According to Vereshchuk’s post, residents of Mariupol and Berdyansk will be able to leave to Zaporizhzhia on their own transport. Corridors will also be open from the city of Tokmak in the Zaporizhzhia region and cities of Severodonetsk, Lysychansk, Popasna and Hirske in the Luhansk region.

Vereshchuk said in the same post that the Russian troops “don’t allow anyone to enter Mariupol,” and that the Russians “blocked the representatives of the International Committee of the Red Cross” in the settlement of Manhush just west of Mariupol.

Vereshchuk said that, after negotiations, the Red Cross representatives “were released at night and sent to Zaporizhzhia.”

It was not immediately clear from Vereshchuk’s statement whether Russia has agreed to halt the fighting along the announced corridors. Some of the Ukrainian efforts to evacuate civilians via humanitarian corridors had previously failed as fighting along them continued even despite agreements with Russia.

LONDON — British defense officials say Ukrainian forces have taken back more territory as Russian troops continue to retreat in Ukraine’s north.

Britain’s Ministry of Defense says Ukrainian forces “have retaken key terrain” after forcing Russian units to retreat north of Kyiv and around the northern city of Chernihiv. The ministry says “low-level fighting is likely to continue in some parts of the newly recaptured regions, but diminish significantly over this week as the remainder of Russian forces withdraw.”

In an intelligence update posted online, the U.K. says many of the Russian units “are likely to require significant re-equipping and refurbishment before being available to redeploy for operations in eastern Ukraine.”

Ukrainian and Western officials say Russia is refocusing its offensive on the Donbas region of eastern Ukraine.

BERLIN — Germany’s president is admitting mistakes in policy toward Russia in his previous job as foreign minister.

President Frank-Walter Steinmeier served twice as ex-Chancellor Angela Merkel’s foreign minister, most recently from 2013 to 2017, and before that as ex-Chancellor Gerhard Schroeder’s chief of staff. In that time, Germany pursued dialogue with Russian President Vladimir Putin and cultivated close energy ties.

Steinmeier told ZDF television Tuesday that “we failed on many points,” including efforts to encourage Russia toward democracy and respecting human rights.

The president conceded that “there were different assessments” of Russia among European countries. He added: “It is true that we should have taken the warnings of our eastern European partners more seriously, particularly regarding the time after 2014” and the building of the Nord Stream 2 gas pipeline.

Sticking to that project was a mistake that cost Germany “a lot of credit and credibility” in eastern Europe, he said. Chancellor Olaf Scholz suspended the pipeline in the week Russia invaded Ukraine.

LVIV, Ukraine — Ukraine’s General Staff reports Tuesday morning that Russia is regrouping its troops and preparing for an offensive in Donbas.

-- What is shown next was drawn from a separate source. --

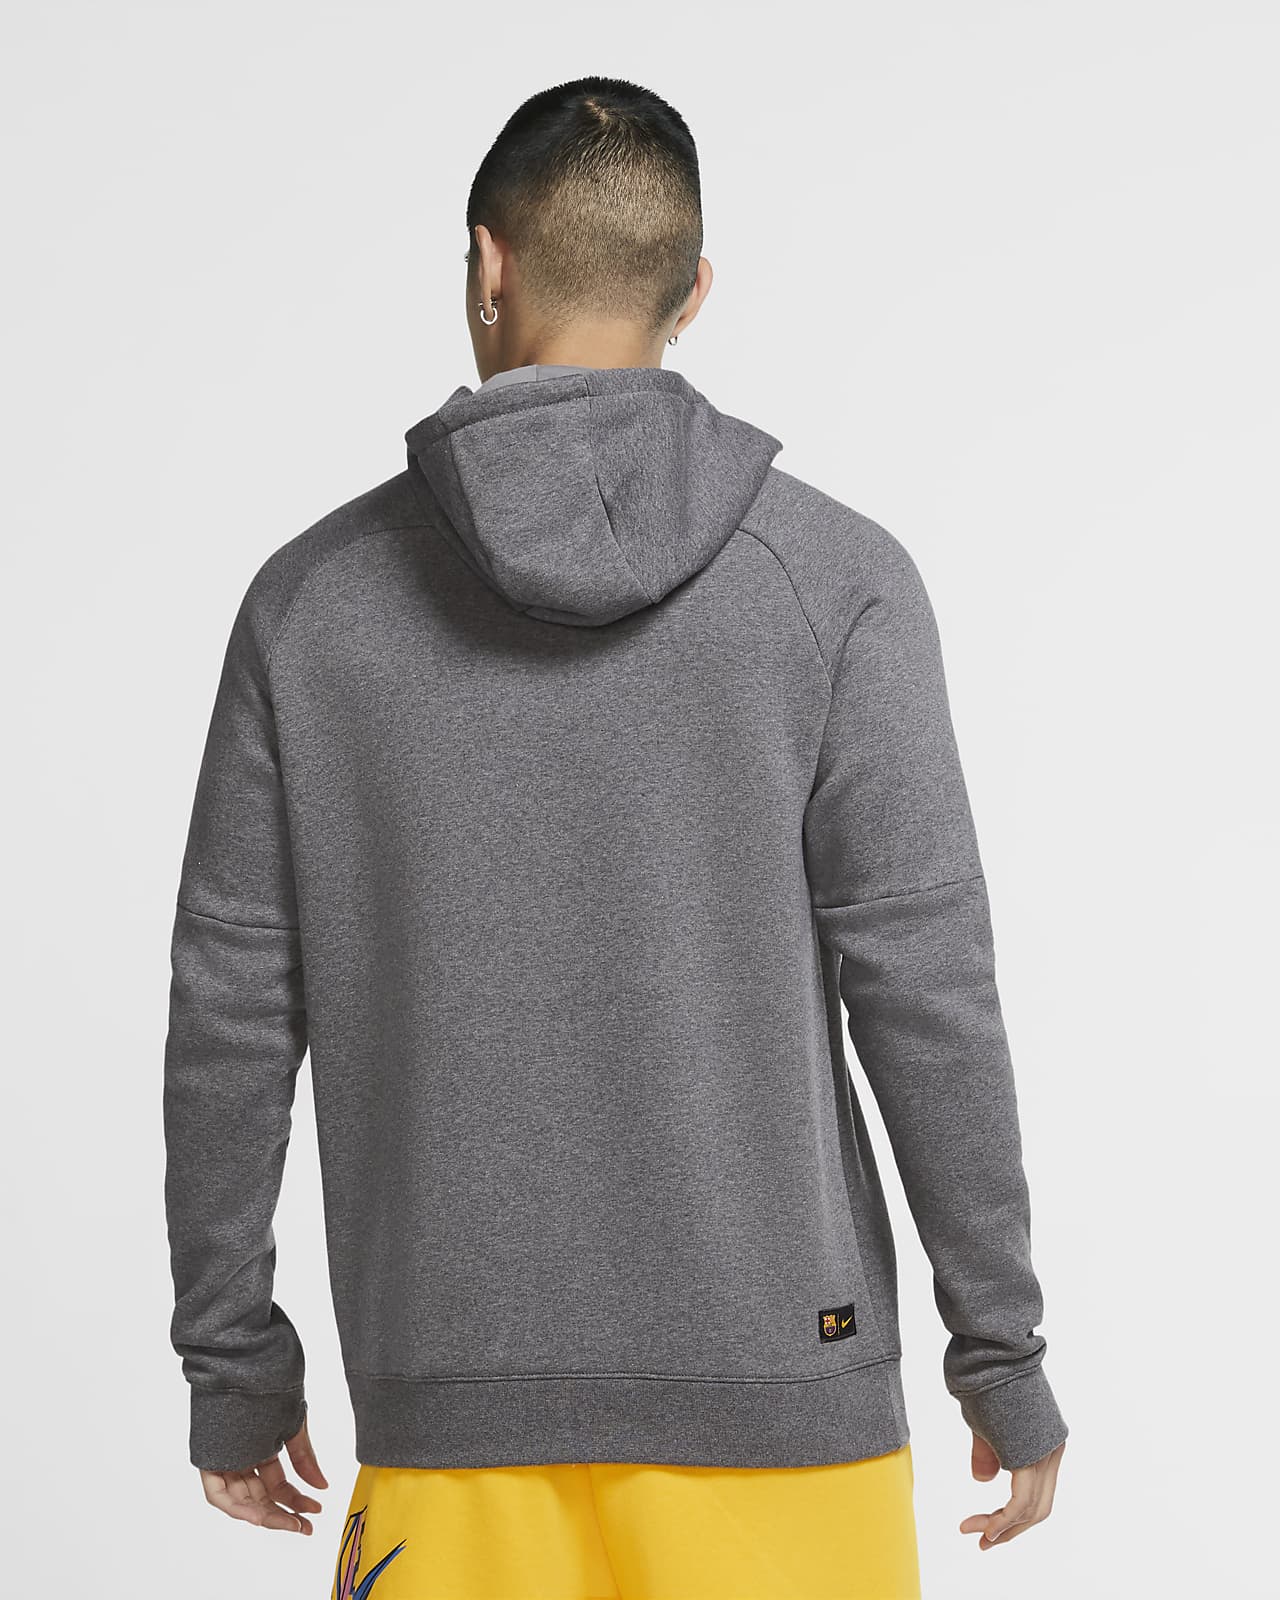 fc barcelona fleece hoodie

“The goal is to establish full control over the territory of Donetsk and Luhansk regions,” the update posted on the General Staff’s Facebook page says.

In the Donetsk and Luhansk regions, the Russian military are focusing their efforts on taking control of Popasna and Rubizhne cities, as well as establishing full control over Mariupol, the General Staff said. Other towns and settlements in the two regions are subject to continued shelling.

The Russian troops also continue to block Kharkiv, according to the General Staff.

BANGKOK — A report by the World Bank says disruptions to supplies of commodities, financial strains and higher prices are among the shocks from the war in Ukraine that will slow economies in Asia in coming months.

The report released Tuesday forecasts slower growth and rising poverty in the Asia-Pacific region this year. Growth for the region is estimated at 5%, down from the original forecast of 5.4%. It anticipates that China, the region’s largest economy, will expand at a 5% pace.

The report says “multiple shocks” are adding to troubles for people and for businesses and that governments whose finances have been stretched by the pandemic have less capacity to help.